Principal Component Analysis (PCA) impelemented in the package EIGENSOFT 6.041 was performed to assess the ethnicity of the samples. Three distinct populations CEU, CHB and YRI from 1000 Genome (1KGP) Phase III were used for clustering and CEU outliners were removed from further analysis. The remaining homogeneous population was also adjusted for the principal components in the subsequent tests for associations.

Imputation

Imputation was done by the Sanger Imputation Server (https://imputation.sanger.ac.uk/) using Haplotype Reference Consortium r1.141, and were pre-phased using SHAPEIT243. Imputed variants were included in the further analyses only with MAF >0.01 and with imputation quality score >0.3.

Association analysis

Frequentist additive association implemented in SNPtest13 was used to test for association of the imputed dataset, between FC IA cases and controls. Five major principal components were used as covariates for ancestry adjustment along with the sex of samples. Only autosomal SNPs were analyzed.

Regional association of suggestive loci were plotted using LocusZoom44 with LD data from 1KGP CEU population.

Heritability estimation

We estimated the heritability from the original and imputed variants within the most promising loci, using methods of Estimation of Variance explained by SNPs (GREML)14 and GREML-LDMS16 programs implemented in the package of the Genome-wide Complex Trait Analysis (GCTA)15.

Meta-analysis

SNP identified in the current study that reached suggestive level of association (p < 5 × 10−6) were compared with the previous FIA GWAS summary statistics from 2,617 IA cases and 1,416 controls8. METAL was used to conduct meta-analysis of the two GWAS results for these selected SNPs.

FC and Inuit IA WES data

We examined the loci from the GWAS signals that have reached suggestive level of association in the exome sequencing results of 32 selected FC IA cases and 106 FC controls. Variable Thresholds Test (VT)18 implemented in Variant Tools (Vtools)45 and Sequence Kernel Association Test (SKAT)17 were performed to test the exonic variation burden in the genes located in the GWAS significant regions.

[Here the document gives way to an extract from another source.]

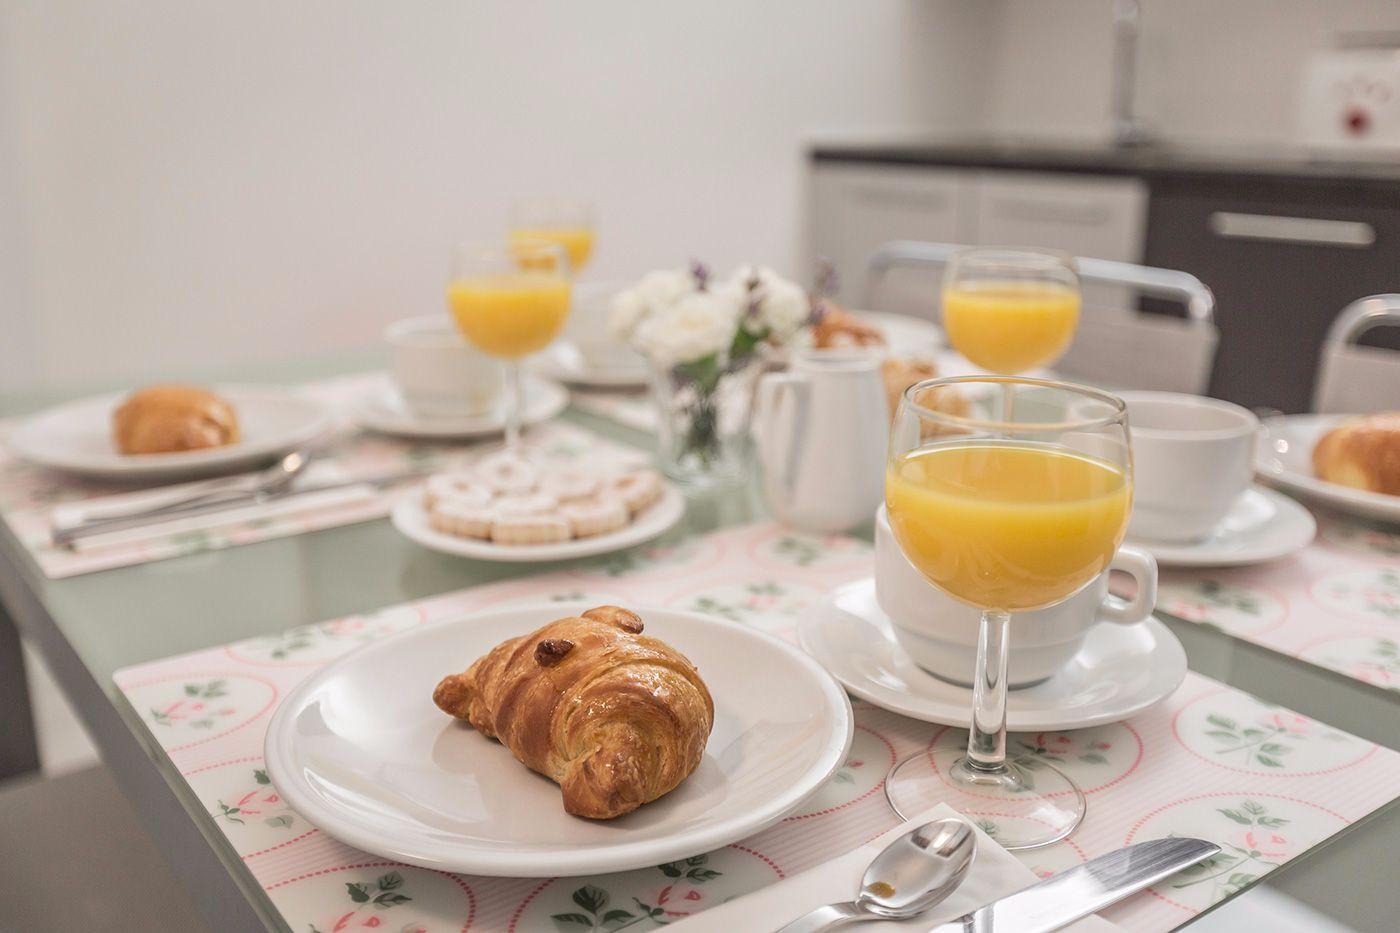 ...or for delicious Italian breakfast!

Thirty-four Nunavik Inuit (Québec, Canada) families comprised of 49 IA patients and 124 family controls were also used to follow up the regions of significance. The samples were genotyped on Illumina HumanOmniExpress-v24 Beadchip which contains 730,525 SNPs. We looked into all the suggestive loci of the FC IA discovery cohort, and performed family-based association analysis (fbat) implemented in FBAT package19 in the Inuit SNP-chip data to test the case-control association in related individuals.

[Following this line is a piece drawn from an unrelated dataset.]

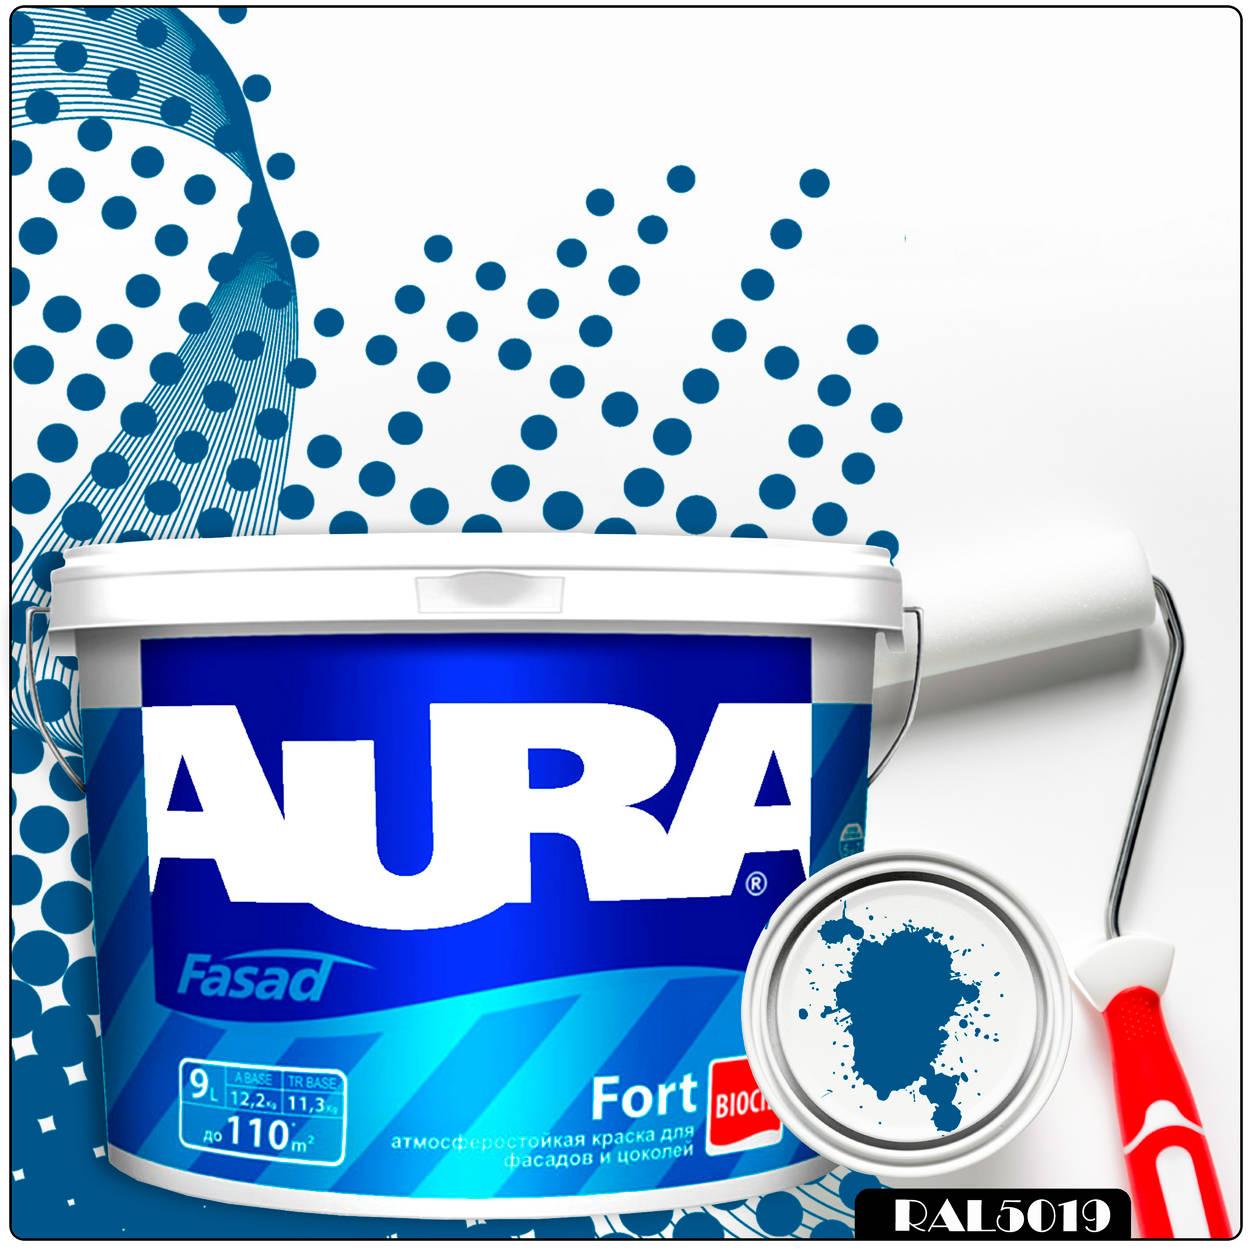 Фото 18 - Краска Aura Fasad Fort, RAL 5019 Синий, латексная, матовая, для фасада и цоколей, 9л, Аура.

Replication of previous IA GWAS loci

12 loci from previous GWA studies (Supplementary Figure S3) with 23 SNPs that reached genome-wide significance were selected to examine if they could be replicated in our study. 500 kb upstream/downstream of the first and last genome-wide significant SNP located in each of the 12 loci were investigated in our GWAS data. Multiple correction was performed on the number of independent tests, which was defined by the number of LD blocks within these 12 regions. LocusZoom was used for data plotting. The validated loci will further be examined in FC WES data using Genome Analysis Toolkit (GATK)46 and VTools.